Was mit dem Tode von Rikidozan ebenfalls ins Rampenlicht rückte, war die Diskussion um Absprachen und Betrugsskandale bei Kämpfen. Es wurden nun verstärkt Stimmen laut, die von absichtlich schwerer Täuschung der Fans sprachen. Was sich an einigen Stellen als begründeter Verdacht erwies, war die starke Einflussnahme der NWA auf das Wrestling in Japan. Absprachen waren auch in Japan keine Seltenheit. Schon in der frühen Zeit versuchten diverse Wrestler und Veranstalter die Fans zu täuschen.

Die Aufregung verstummte erst wieder, als Rikis Weggefährten und Schüler Baba und Inoki, an Bekanntheit und Beliebtheit zu nahmen. Die CIA soll die JWA und die Beziehungen zum kommunistischen Staat streng überwacht haben. Heute weiß man, dass das nicht stimmt. Es ist mehr die stark anhaltende Antipathie gegenüber den Amerikanern gewesen, die zu solchen Anschuldigungen führte. Sein Tod war letztendlich die Folge der sich immer weiter ausbreitenden Mafia. Er selbst steckte aber auch tief im Sumpf der japanischen Unterwelt.

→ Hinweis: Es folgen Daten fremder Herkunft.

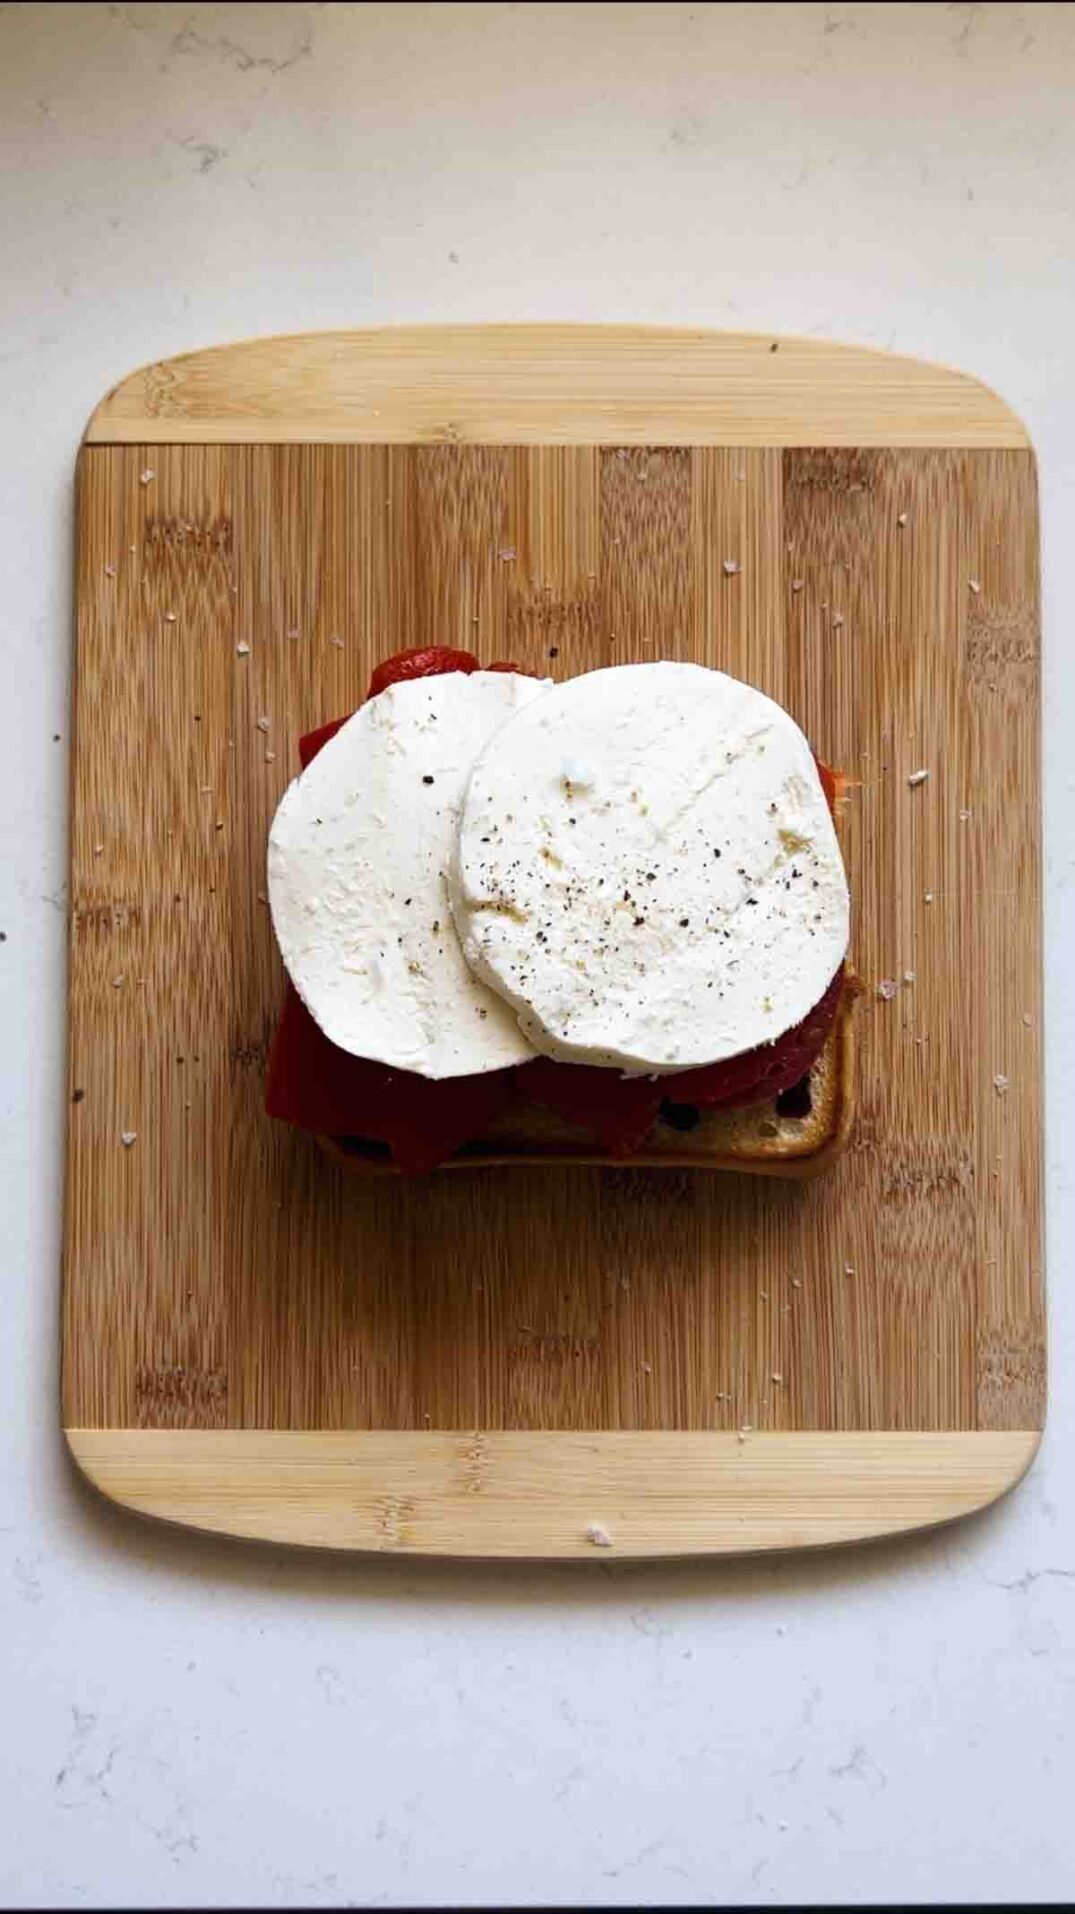 mozzarella with salt and pepper on ciabatta bread on a cutting board.

Doch all die Informationen, Skandale und sonstigen Berichte tauchten erst Jahre nach seinem Tod auf. Riki hatte noch eine uneheliche Tochter mit einer koreanischen Frau. Noch bevor er Keiko Tanaka kennen lernte. Riki und Keiko hatten während der nur kurz anhaltenden Ehe eine Tochter. Der Sohn Mitsuo Momota folgte dem Vater 1970 in den Ring und kämpfte bei Pro Wrestling NOAH. Er konnte jedoch an den damaligen Erfolgen des Vaters nicht mehr anknüpfen. Fragte man damalige Wrestling-Experten in Japan, so war überhaupt nicht abzusehen, dass Baba und Inoki mal für gut 40 Jahre das Business lenken sollten. Rikidozans Söhne Yoshihiro und Mitsuo Momota finanzierten schließlich Giant Babas Wrestling-Promotion. Mit ihrem Kapital und dem Willen des Riesen Baba begann eine neue Epoche im japanischen Pro-Wrestling. Unter riesiger Anteilnahme wurde der japanische Megastar Rikidozan am 20.12.1963 auf dem Waldfriedhof "Ikegami Honmonji" in Tokyo beerdigt.

Kum Yong-Gin, ein führender Mann in der "Pro-Pyongyang Korean Amateur Athletic Association" mit Sitz in Japan, sagte über Rikis Erbe:
"Rikidozans reputation is still great".